The Unbearable Loneliness Of The Sharing Economy

on August 25, 2014

The sharing economy promises the potential for riches, personal empowerment, new modes of work, and fear, the kind of fear that swells from a livelihood dependent upon algorithms, star ratings, and the feedback of strangers. 

When we imagined the future, certainly starting from the point when the smartphone was born, few of us expected a world where in-kind tips and real time number crunching might determine where we live, how well we ate, the size of our home, the composition of our dearest friends.

Of course, in a world where billions are virtually connected, all fighting over the same job, the same task, the same dollars to be made by sharing our rooms, our cars, our talents, can we have any real friends? Or does everyone morph into some 21st century amalgamation of customer-competitor?

The billions of dollars fueling Uber, Airbnb and the sharing economy appears to generate as much fear as it does potential, and rightly or no, the great minds and deep pockets of Silicon Valley are failing to address these fears.

There is, in particular, a persistent fear which suggests for all save a fortunate, wiley few, the sharing economy will transform us into the modern day equivalent of chimney sweeps, smartphones replacing brooms, our independent (contractor) status leading us toward digital subjugation rather than technological emancipation: Alert! You have been selected to compete! Right now, for X dollars an actual human being will pay you to drive them some place. Go!

The Future Has Arrived Only It’s Evenly Distributed

The most popular, most repeated quote about our highly technological present comes to us from dystopian novelist William Gibson: “the future has already arrived — it’s just not evenly distributed yet.”

Except, what if Gibson is not just wrong but profoundly wrong? What if the future, the now, is in fact evenly distributed, and we are all equally victimized by it? What if technologies, algorithms, and Big Data do not liberate us but instead place us all at the mercy of a system where periodic demands — a room, a ride — meet endless supply?

A transformative element of Uber is its “dynamic pricing” feature, which can measure real time demand and shift prices accordingly. Can it also measure real time desperation?

I travel regularly between San Francisco, which is leading the current global technological economic transformation, and Detroit, which led the last. I sense at least as much fear as embrace for the new, sharing-based economy.

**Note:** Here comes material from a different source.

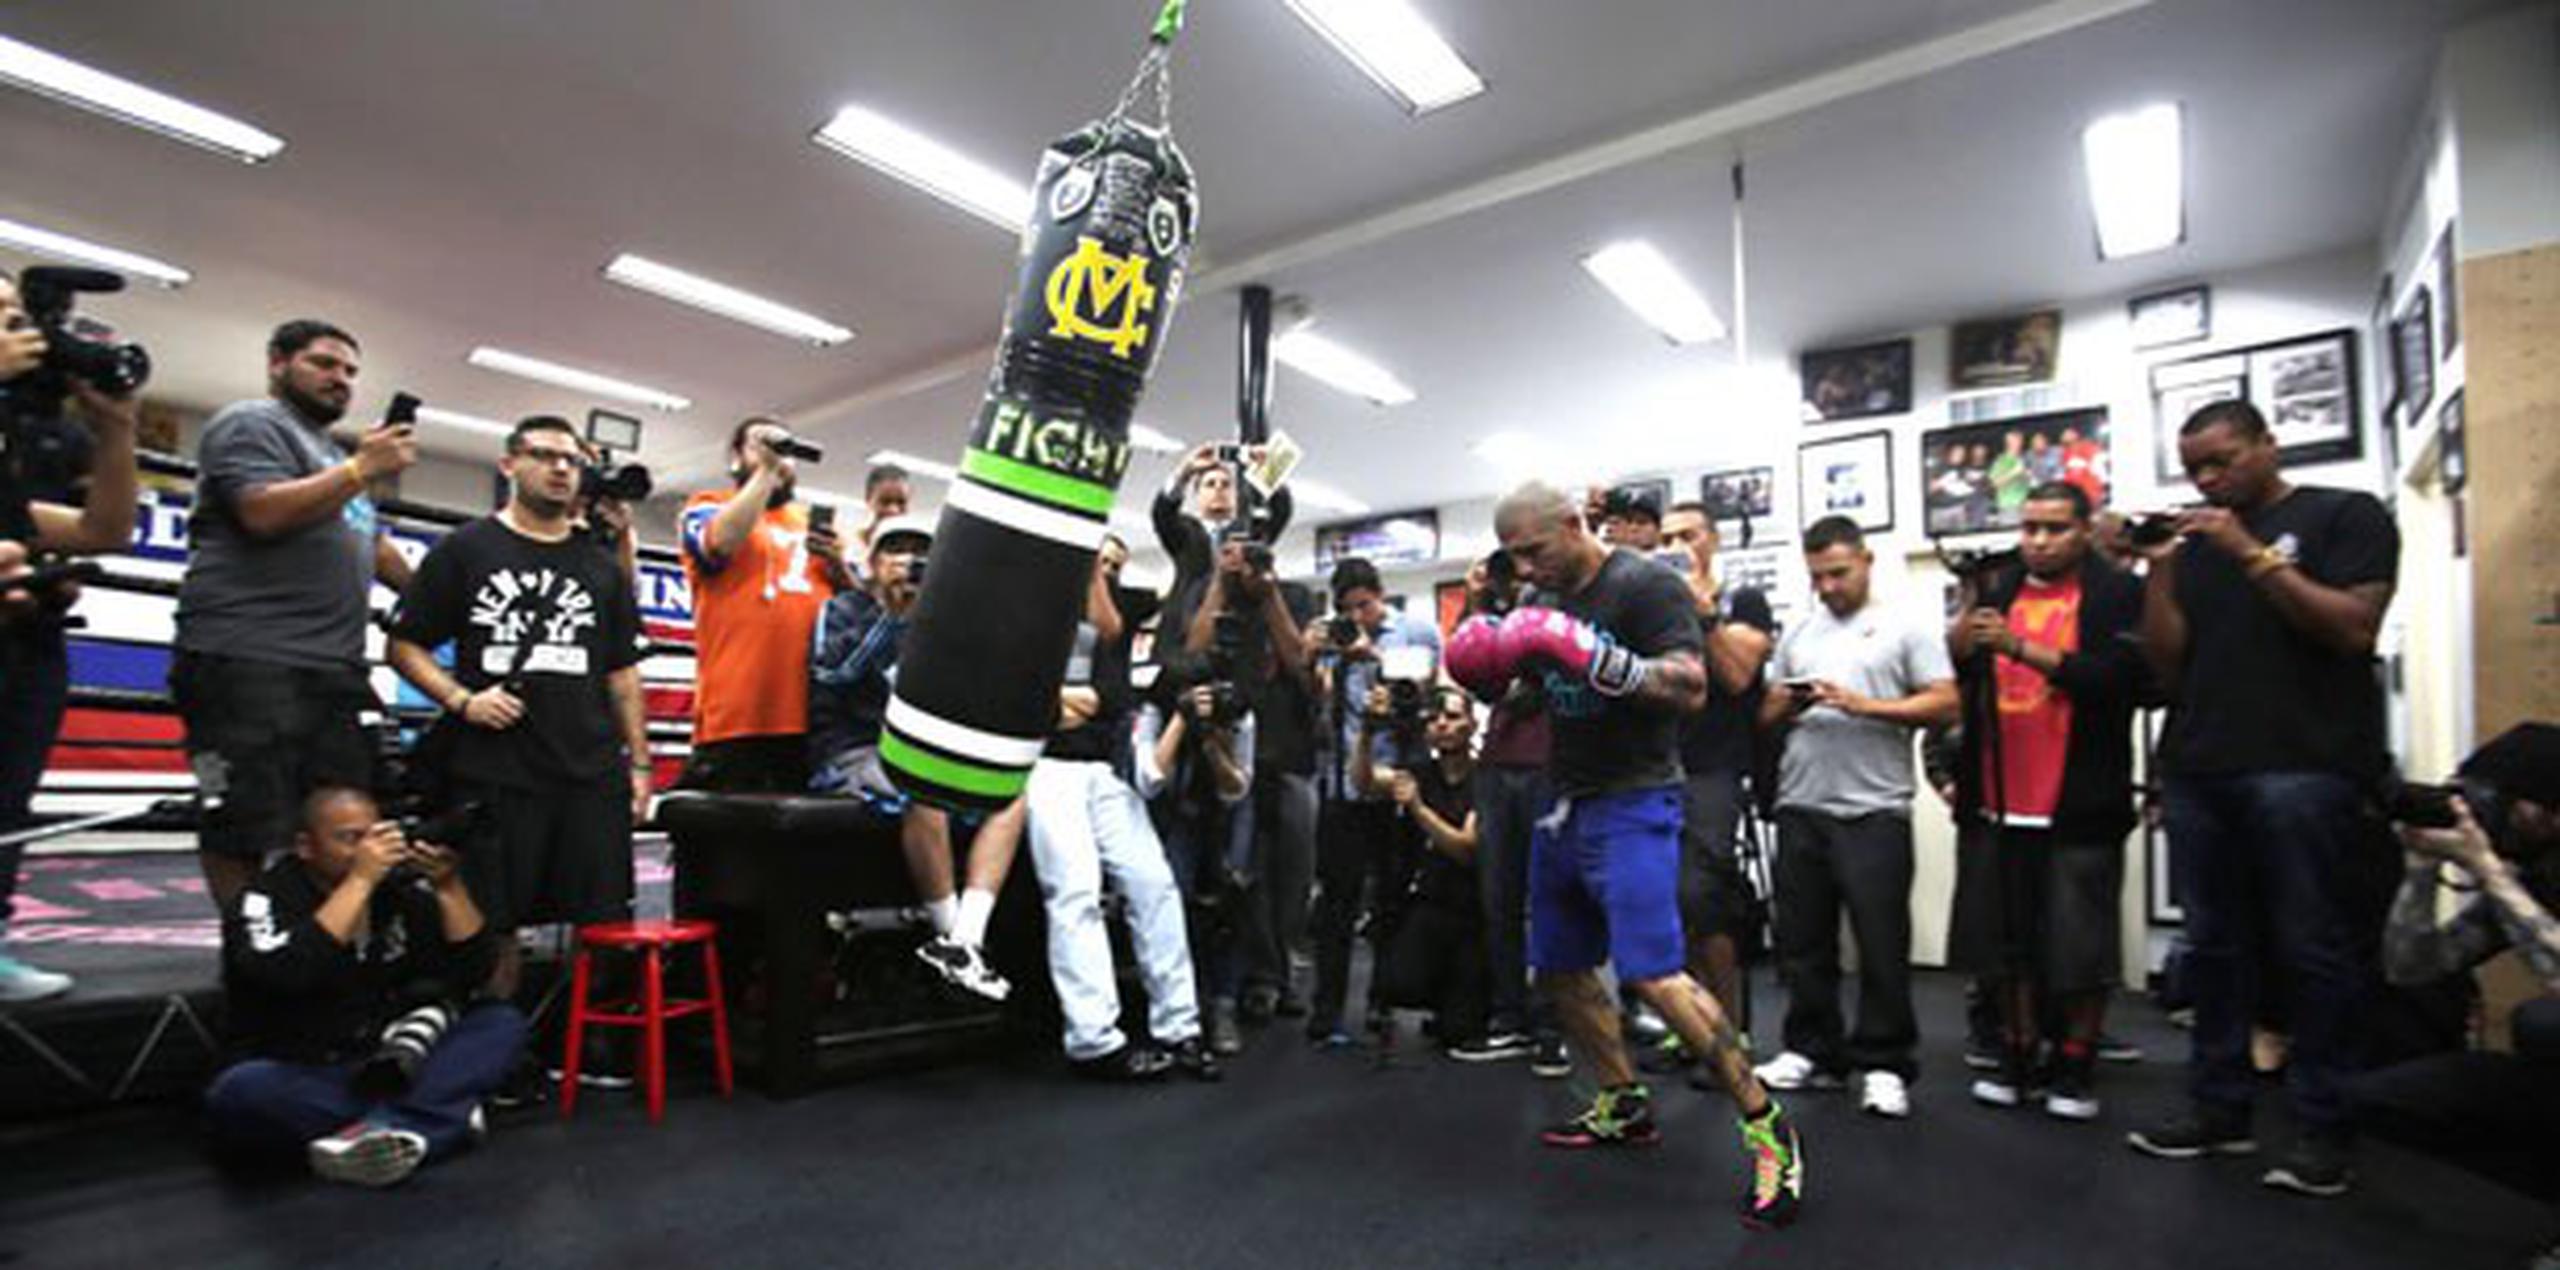 Miguel Cotto enfrenta a Daniel Geale en el Barclays Center en Brooklyn, Nueva York. (Miguel Cotto Promotions/Roc Nation Sports)

Confession: I believe these fears are generally overstated.

Over the long arc of time, the benefits of technology spread to the many. This spread appears to be quickening its pace. An iPhone may for now be available only to the world’s 10%, an iWatch to the world’s 5%, and the direct medical benefits from the individualized analysis of their combined HealthKit data available only to the world’s 1%. I believe this will change, fast. As we’ve seen from the rapid evolution of the Android platform, copying, learning and the endless tearing down of barriers is in our DNA, whether motivated by concerns for humanity or desires for riches. Technology’s benefits spread from the few to the many.

The problem, of course, is this spread can take years, and for some, decades before the technology’s benefit bears them fruit. What till then?

The answer: Government.

It is through government we mitigate the ill effects of technological disruption. Yes, this gets nasty. It always does. Already, petitioning the government for redress — and for preferential treatment — from the sharing economy has begun in earnest. Just as the disruptive impact of the sharing economy is eradicating many existing rules and regulations, have no doubt it will lead to many new ones.

There is one area, vital to our person, yet where government cannot protect us and which Silicon Valley has failed to even acknowledge: loneliness.

Message In A Bottle

A great unspoken fear of the sharing economy is loneliness.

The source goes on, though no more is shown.